Il a été demandé à Vahina de tresser des sous plats, à Jaya de creuser un four et d’y mettre des cailloux. Feiza devait préparer le bois en grande quantité. Wafae devait aller pêcher les plus beaux poissons. Emela devait fournir du poulet. Caïssa devait donner les ignames nouvelles. Mayda allait emmener des patates et Oumy les taros. Haïlé fournirait les feuilles des cocotiers pour le tressage. Phébée allait cueillir de belles bananes et les feuilles qui allaient contenir le plat qui serait ensuite mis au four. Et Siloé devait penser à ce plat de réconciliation. Comment le préparer. L’idée de Maabé a permis aux sœurs de s’unir et de travailler ensemble pour le bien de ce projet.
Jebbe était si heureux de voir ses filles aussi unies. Maabé proposa à Siloé de mélanger tous les produits qui venaient du travail de leurs sœurs. Ce plat avait commencé son travail de réconciliation. Et au moment de la dégustation, toutes les sœurs comprirent que chacun avait un rôle de la même importance. Aucune n’était au bas de la hiérarchie car elles occupaient le même rang.
Jebbe remercia les anciens et l’esprit de sa femme pour ce moment. Et Maabé donna un nom à ce plat de la réconciliation : le bougna.

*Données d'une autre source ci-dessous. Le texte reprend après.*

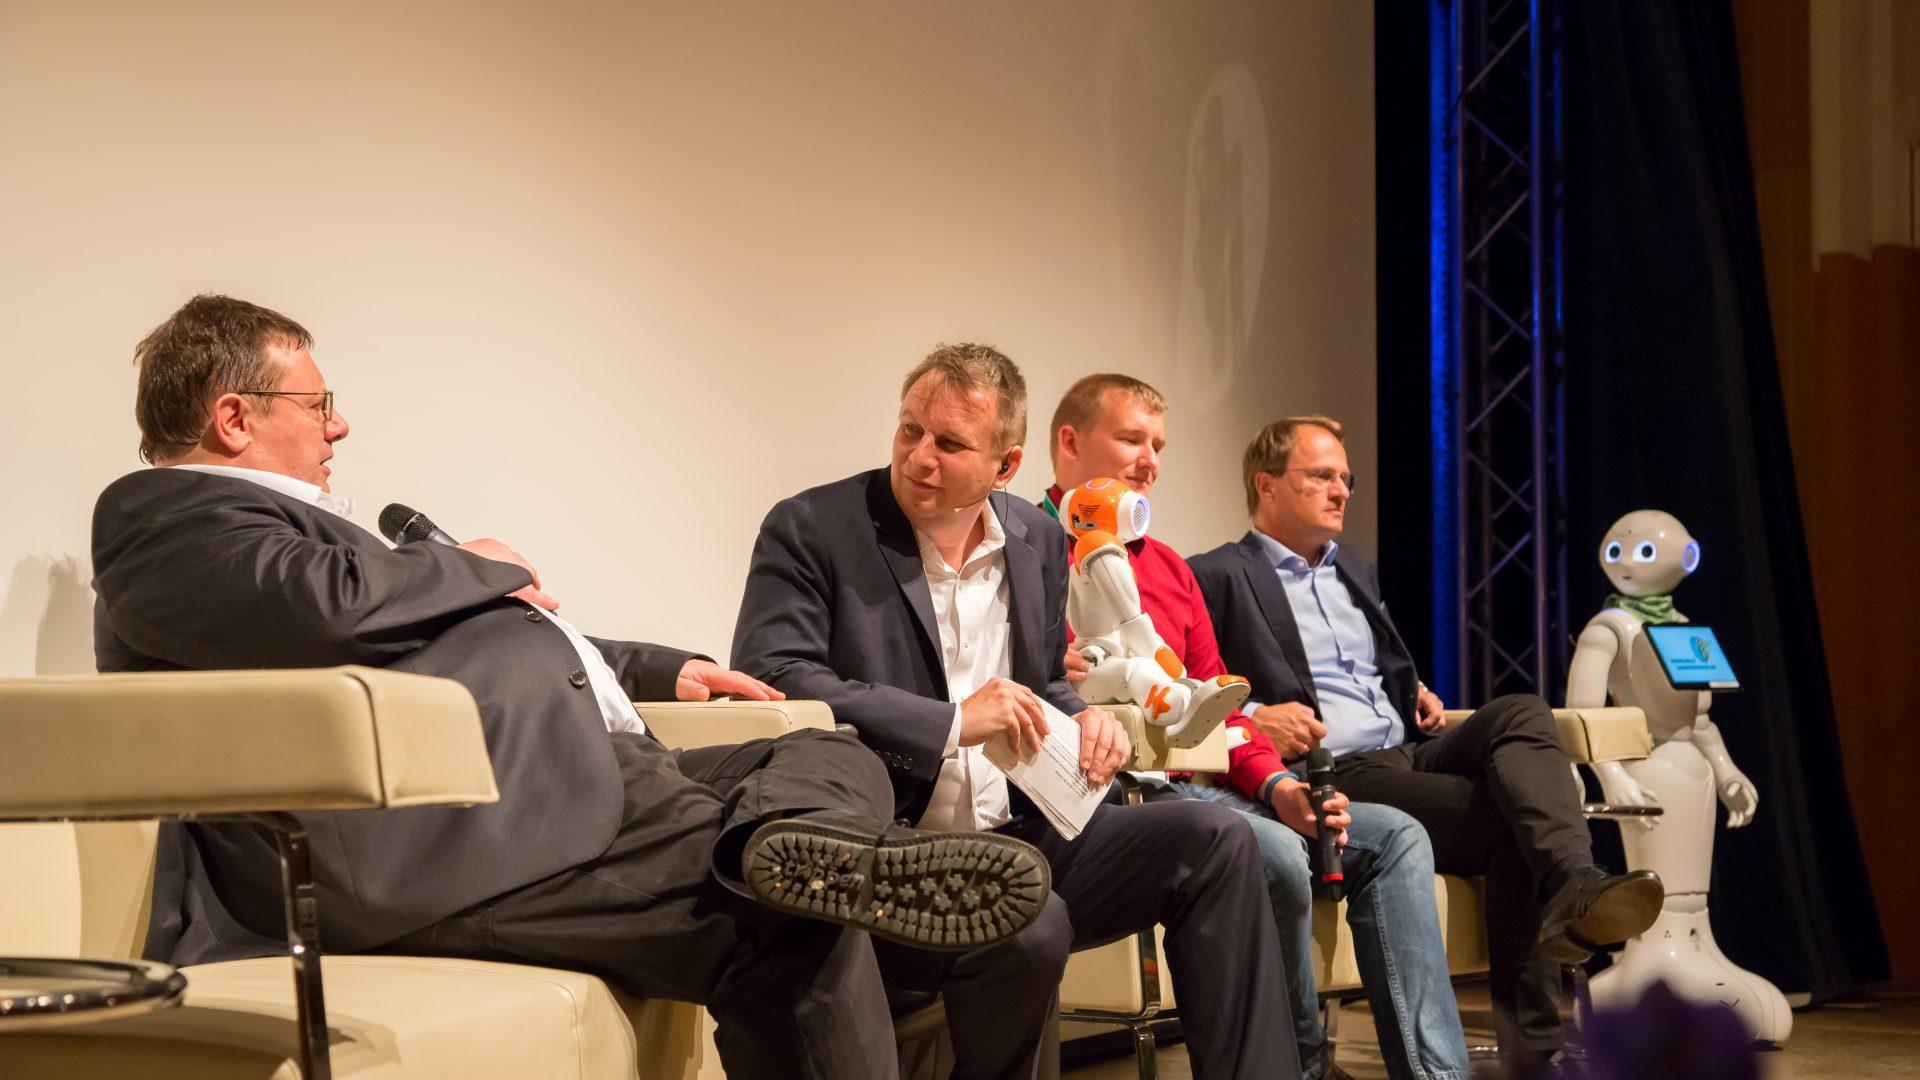 Podiumsdiskussion mit Hans-Jörg Rothen, Meinrad Knapp, Hannes Eilers und Dr. Markus Hengstschläger. ©event-fotograf/Gemeindebund

A savoir L’igname dans la culture kanak : Dans la tradition kanak, l’igname, offrande de la terre-mère, revêt une dimension sacrée. Son cycle de croissance rythme la vie des hommes et, dans chacune des îles de la Nouvelle-Calédonie, sa récolte occasionne d’importantes cérémonies coutumières. Elle est également l’une des principales valeurs d’échange lors d’autres événements intertribaux. Chargée de symboles, l’igname a une valeur culturelle : offrande noble, symbole de la virilité, de l’honneur. Le taro dans la culture kanak : Dans la société kanak, tout comme l'igname la culture du taro à sa place entière. Si la culture de l'igname faisait partie des travaux effectués par les hommes, ceux du tarot étaient du domaine de la femme, seules les terrasses étaient aménagées par les hommes. Aujourd'hui encore, on entend souvent dire : "le taro c'est la femme; l'igname c'est l'homme". Il a aussi une bonne place dans les mythes de création du monde : "il y avait une feuille de taro, il y avait un peu de terre ...". On associe le taro au genre féminin comme toutes les plantes liées à l'eau. On parle séparément du soleil qui est un élément masculin et de la pluie qui est un élément féminin. Même de part sa forme, le tubercule fait penser à une femme. Cette répartition des tâches permettait à la femme d'avoir sa place dans la société traditionnelle. Ainsi, pendant les périodes ou l'igname venait à manquer, l'homme dépendait de la femme en ce qui concerne son alimentation.